学寮から出て、女子寮へ向かうエメリーたちが別れた道の先で、ファビアンが呟いた。
「なんだ。おっさんなのは本当だが、初対面の人間にそれはどーよ? そういう口の利き方は、人生の難易度が上がるぜ~」
「うるせ」
げし、とファビアンが脚を蹴るが、ヴィルは面白そうに笑っただけだった。
「あんただろ? あいつをあんな風に育てたの。もっとちゃんと育てろよ」
「……?」
「危機感がねぇ、警戒心もねぇ。おまけに反吐が出るほどお人好しだ。ありゃ絶対…………つまんねーことで無駄死にするぞ」
「………………」
ヴィルは天を仰ぐ。
「一応、そうならないように育てたつもりなんだがなぁ」
見えない星を見るように、ヴィルは目を細める。
「ま、育っちまったもんは仕方がねぇ。あいつももう大人だ。自分でどーにかすんだろ」
にしても……、とヴィルは相好を崩す。
「ファビアン、っつたか。お前も――――損な役回りだな。いっつもそうして人が言えねぇ指摘をして、煙たがられるタイプだろ」
「……」
「人生、損してるねぇ~~。もっと楽に生きればいいだろうに」
――『お前は楽そうに生きてるようにしか見えねぇけどな』と、ファビアンが毒付く。
「ははっ、違ぇねえ! オレはそういう性分だからなぁ。

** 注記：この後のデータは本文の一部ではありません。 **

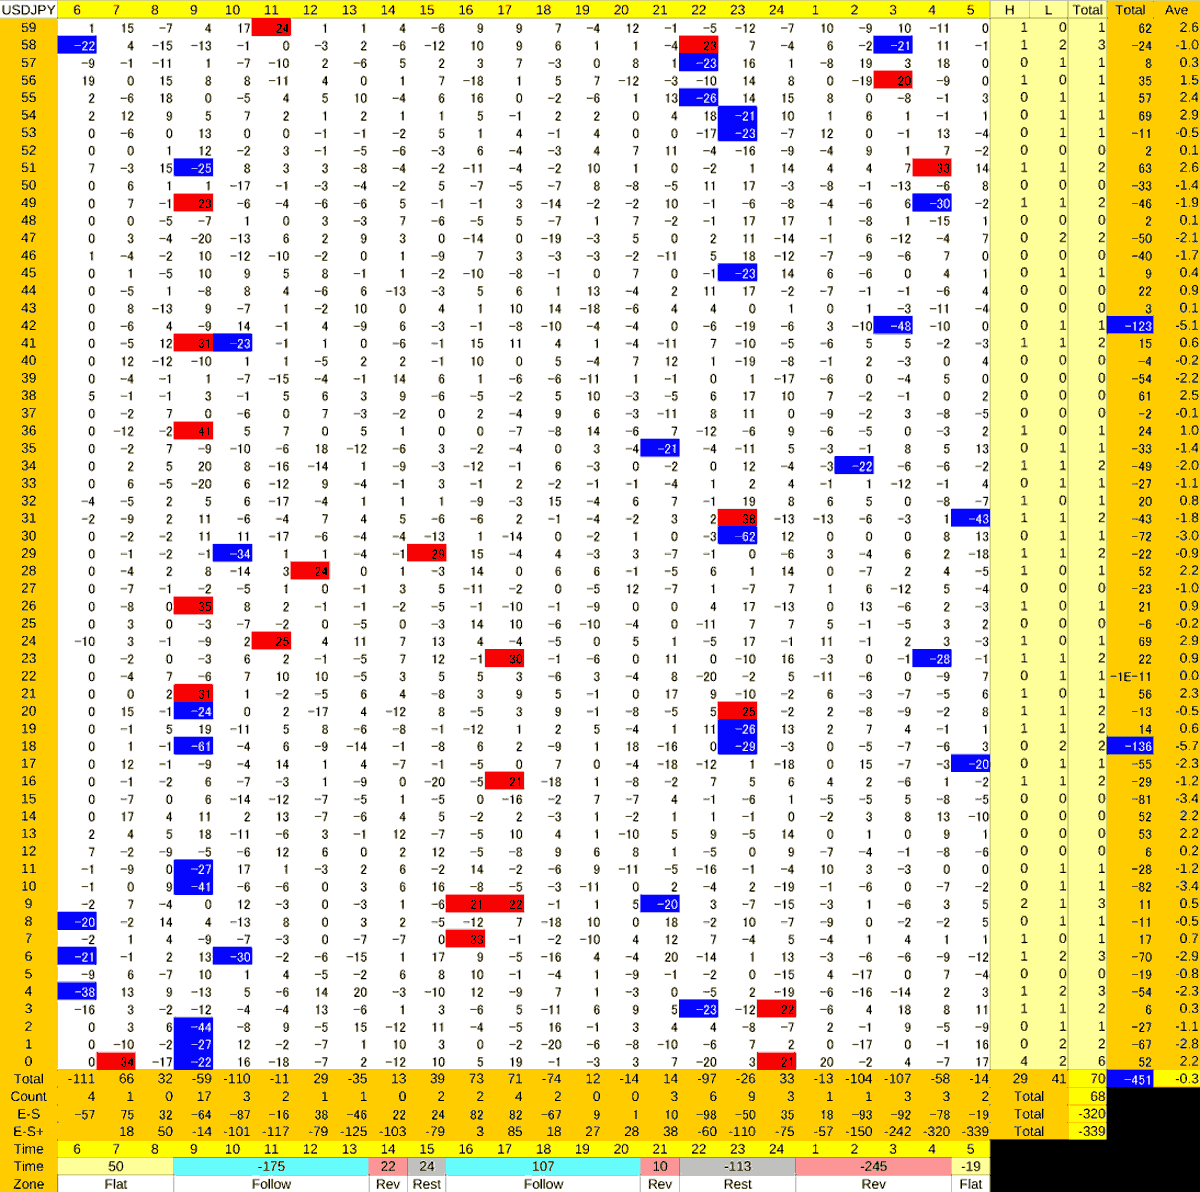 20200617_HS(1)USDJPY

…………でも」
「?」
「オレは、お前のそういう生き方も…………嫌いじゃないぜ?」
豪快に笑って、ヴィルはファビアンの肩を組む。
「よし、決めた! 損しかないお前の人生に、この人生の先輩がおごってやろう!」
「は!?」
「どーせお上品な料理には飽き飽きしてんだろ。練兵場上がりの料理人の店に連れてってやる。男のザ・肉料理!を紹介するぜ」
そう言ってヴィルは振り返る。
「ほら、お前たちもついてこいよ。ダチなんだろ?」
ラスティンが駆け出す。
ファビアンが、『こいつ卒業試験前の生徒を街に連れ出そうとしてやがる……信じらんねぇ』と毒突く。
けれど賑やかに3人は小さくなって――――呼ばれたミリウスもそれに続いた。